## Dataset extract
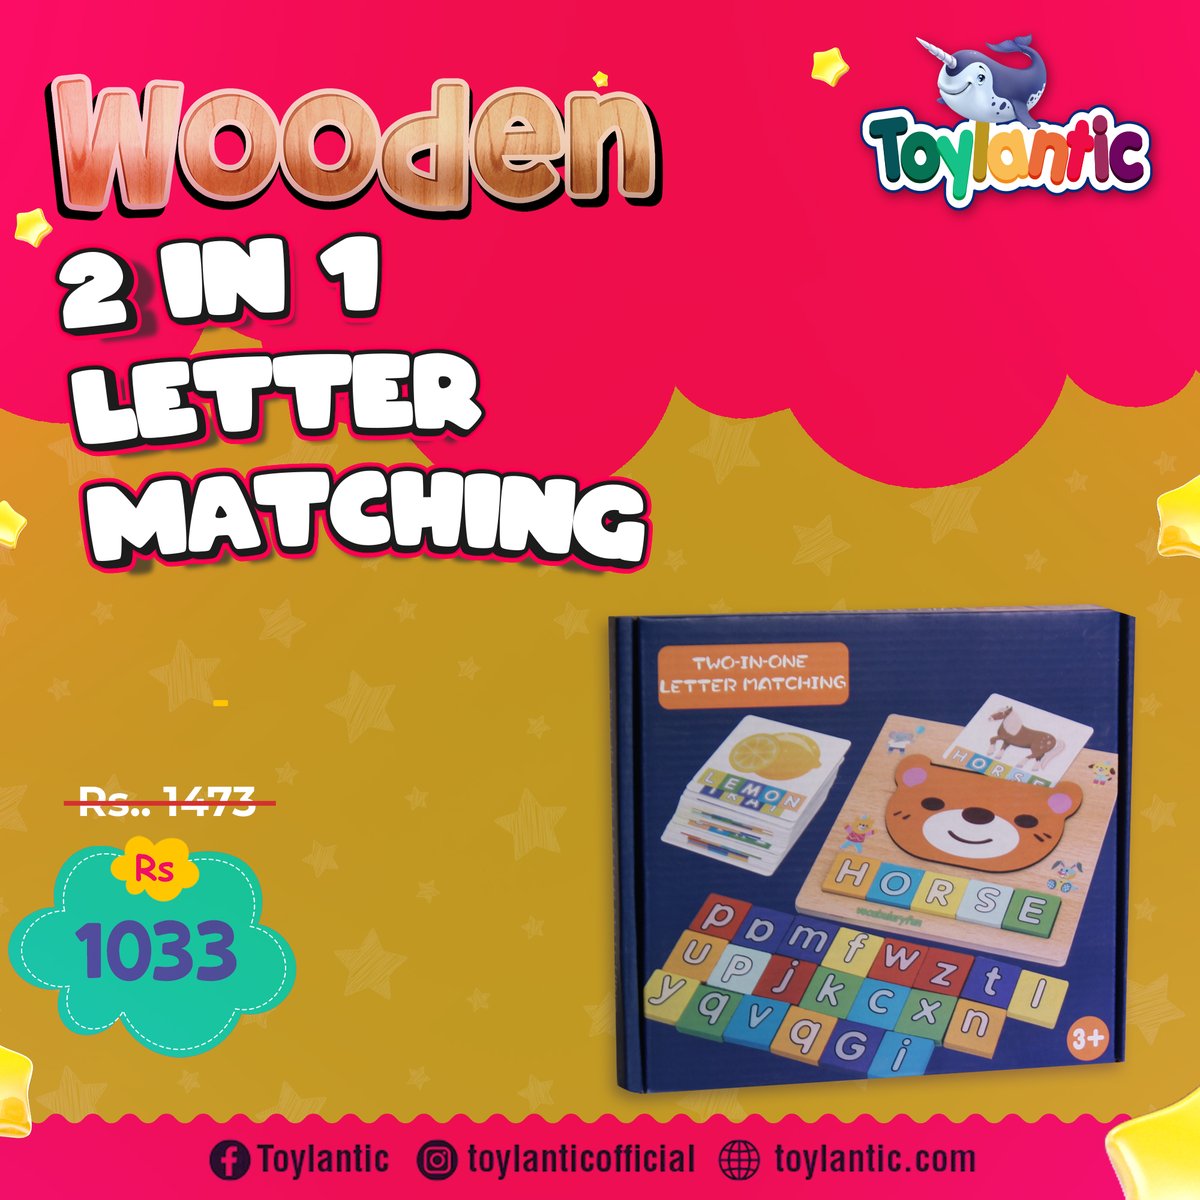 Make sure that your child match the letters correctly..!
Click the link below to explore more educational toys:
toylantic.com/.../toys-by-ca…...
For Details & Queries
0334 0008697
#woodenshapes #letter #matching #educationaltoys #kids #learningtoys #childgrowth #toys #toylantic
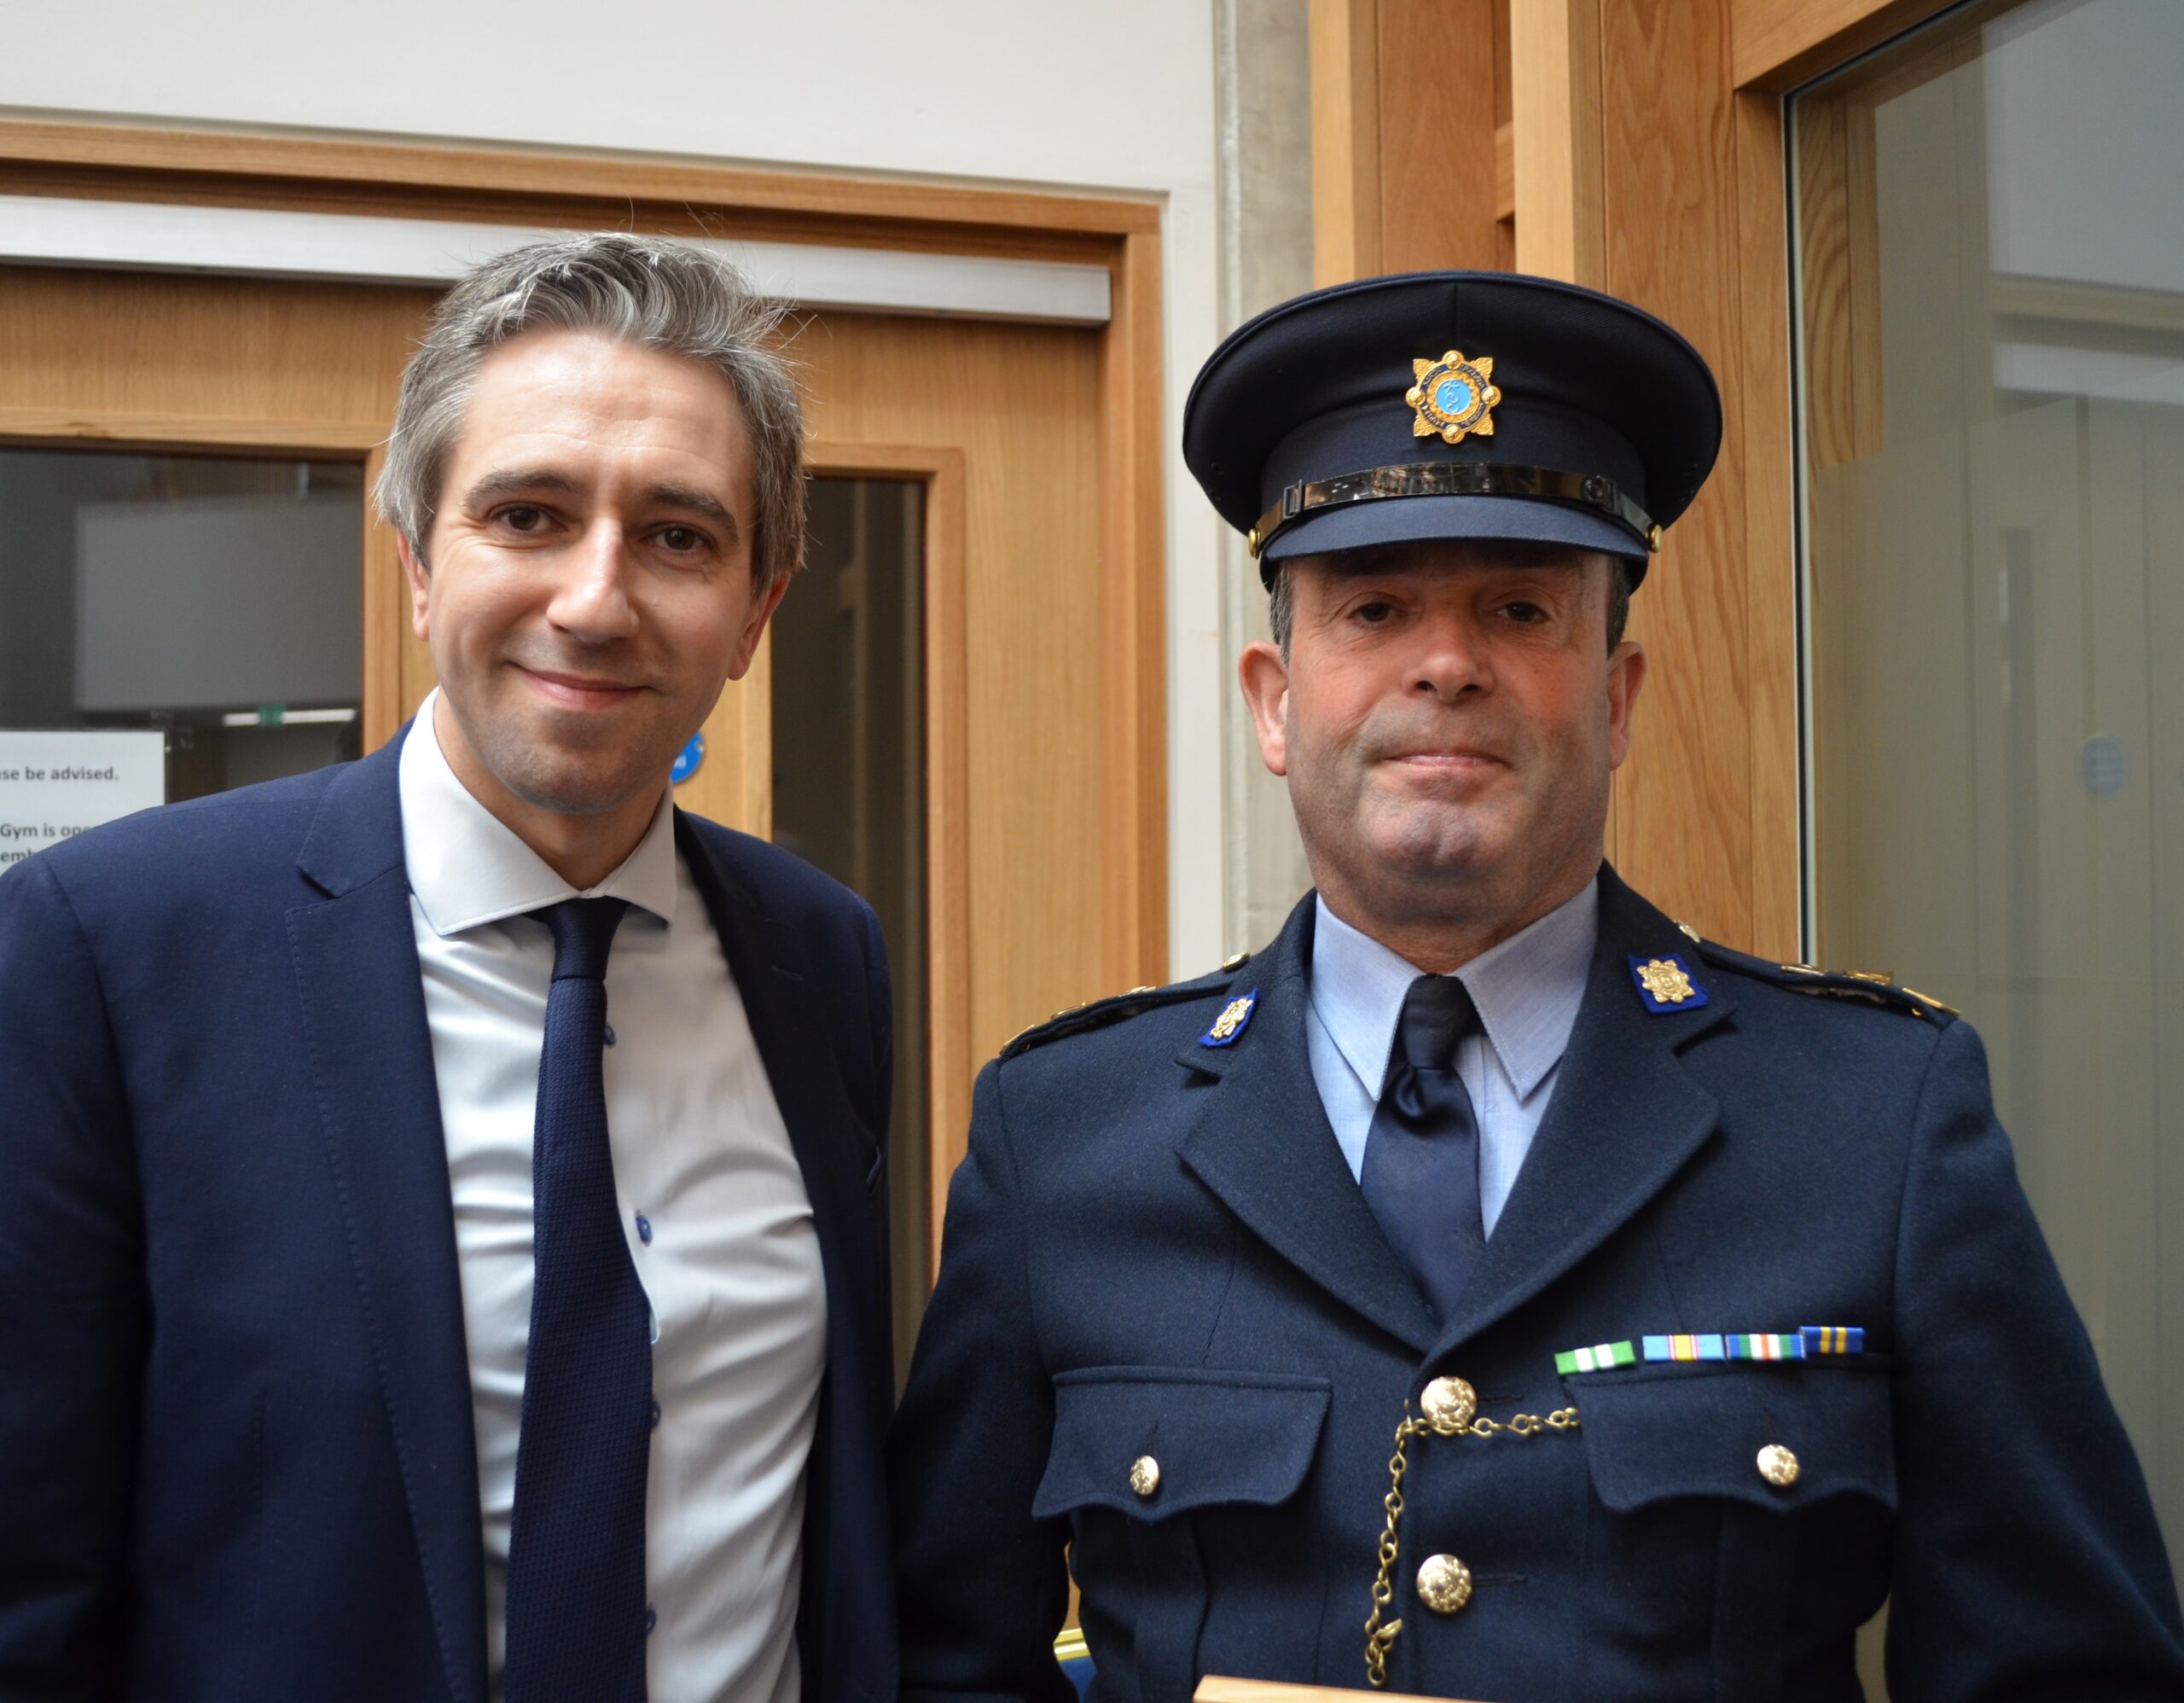 Donegal Garda Sergeant Honoured with Silver Scott Medal
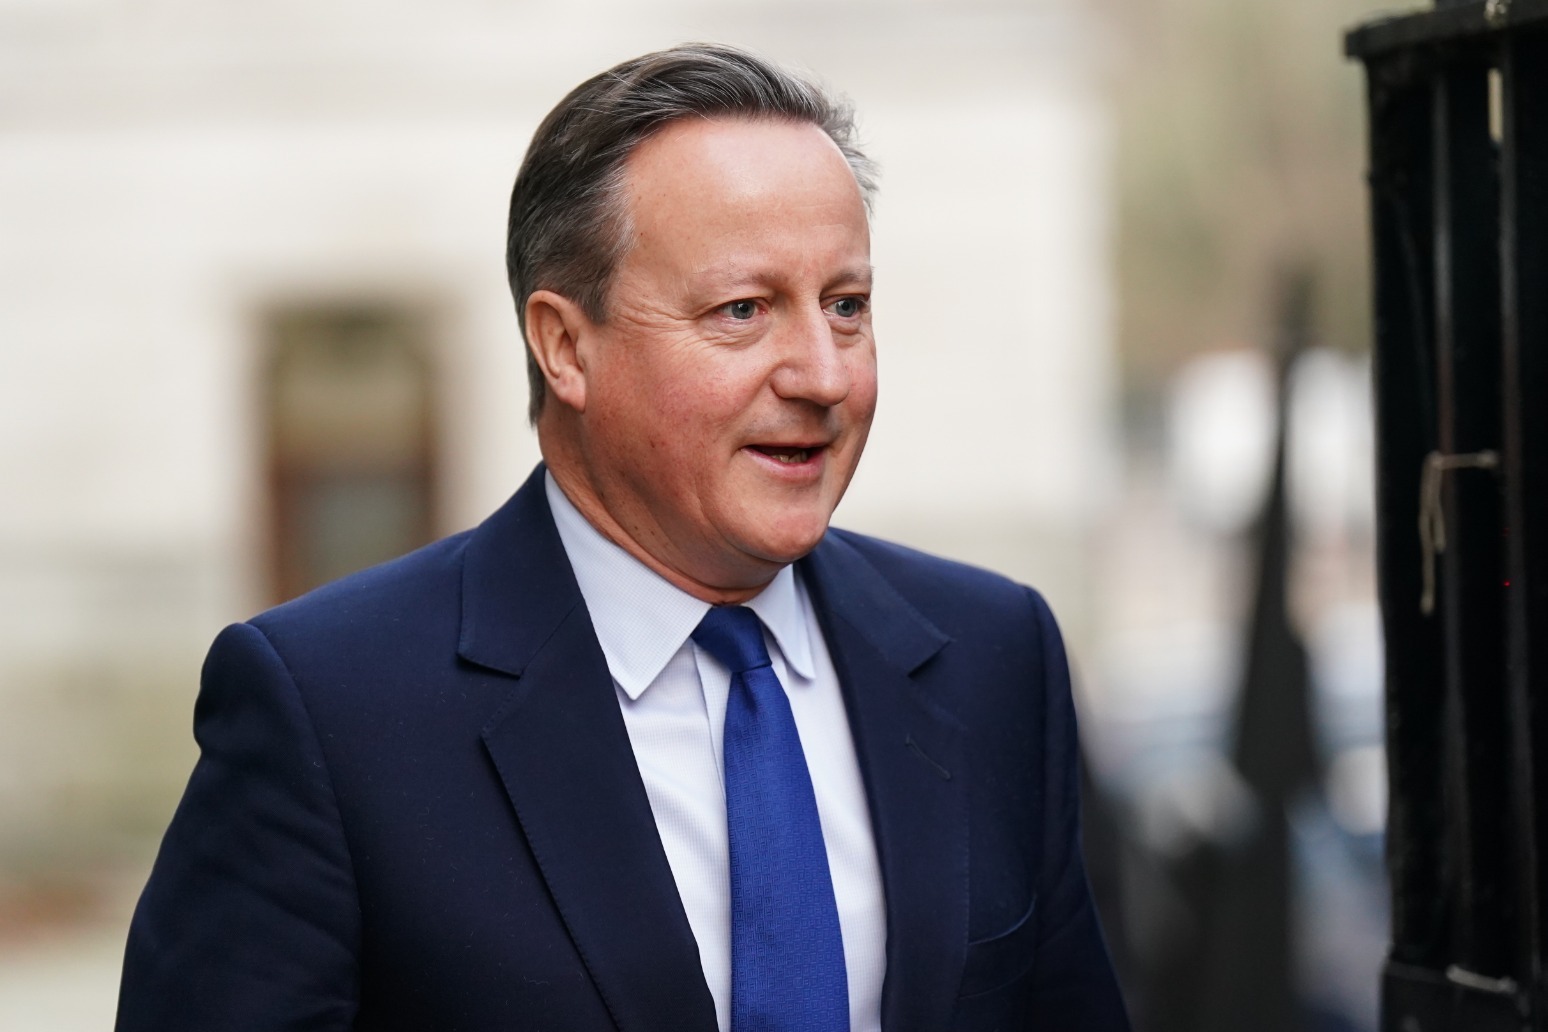 Lord Cameron to push for ‘urgent humanitarian pause’ in Gaza war on Middle East visit 
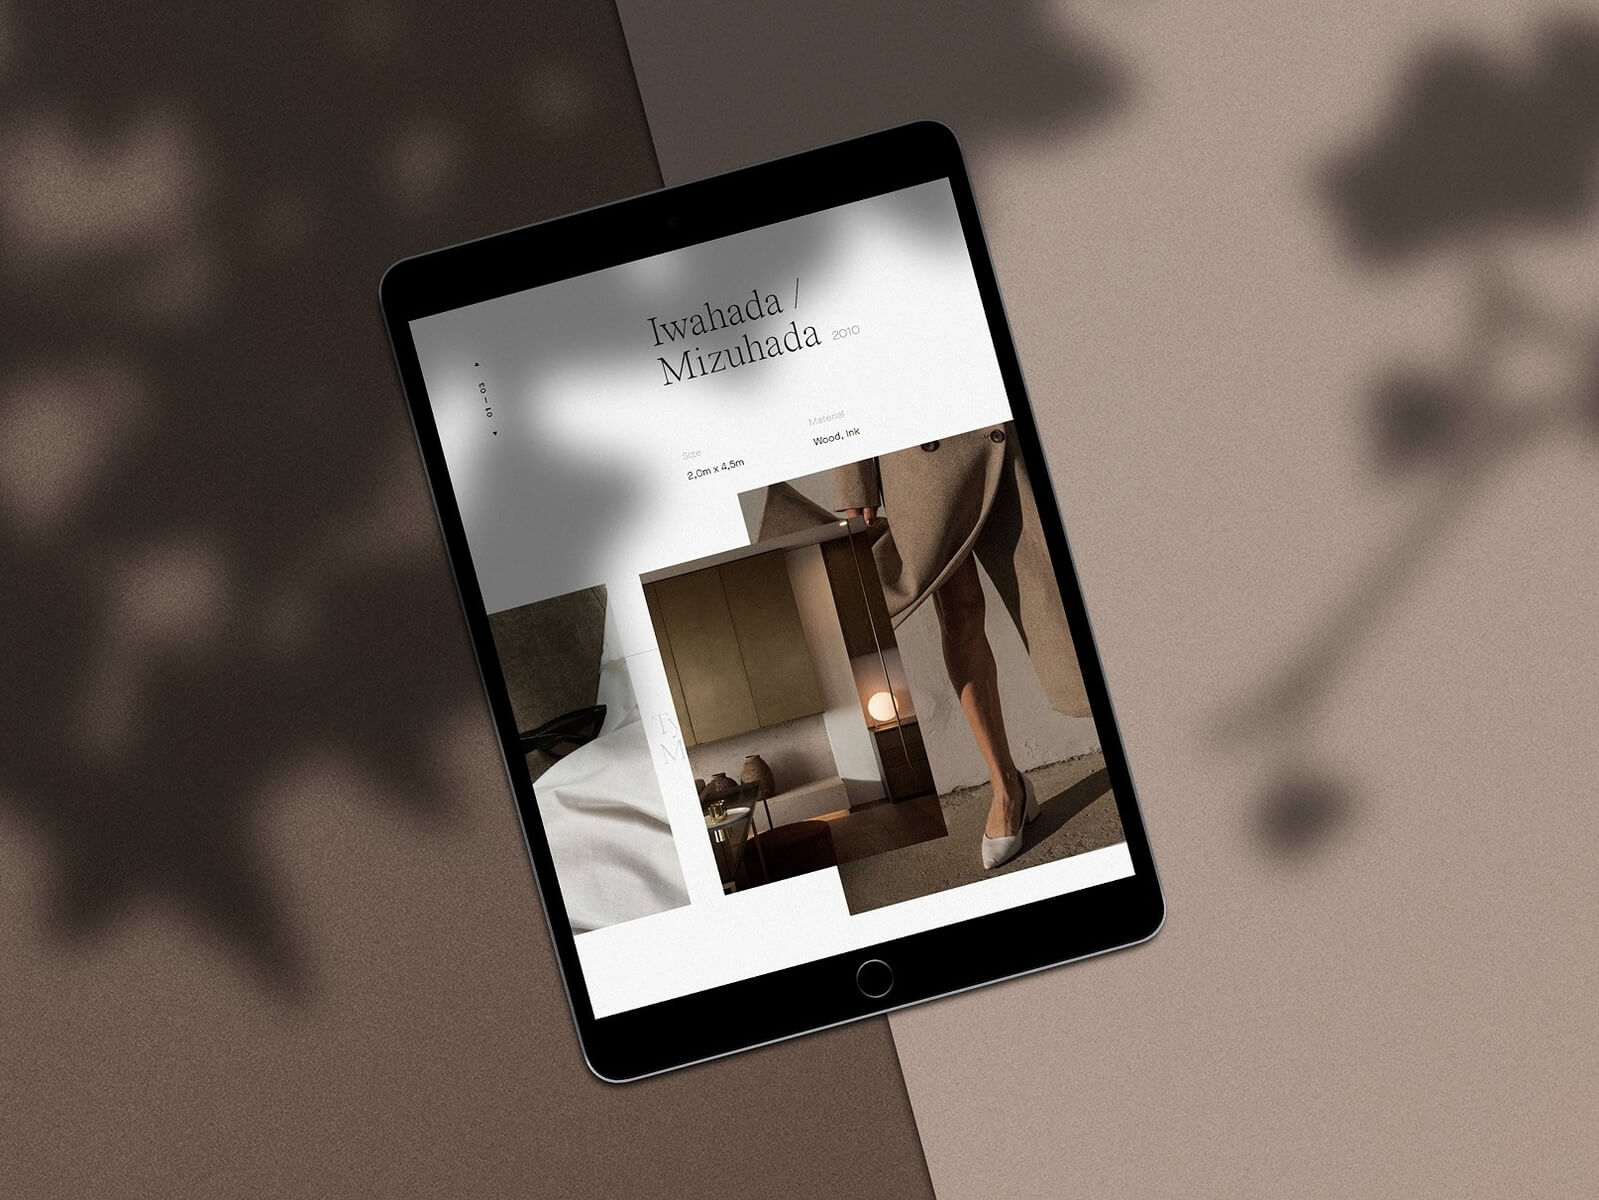 Download 20 Best Free iPad Mockups and Templates PSD+Sketch in 2019 PSD Mockup Templates

## To do
For the string "toylantic", return every line of the data where it appears.

## Problem solution
toylantic.com/.../toys-by-ca…...
#woodenshapes #letter #matching #educationaltoys #kids #learningtoys #childgrowth #toys #toylantic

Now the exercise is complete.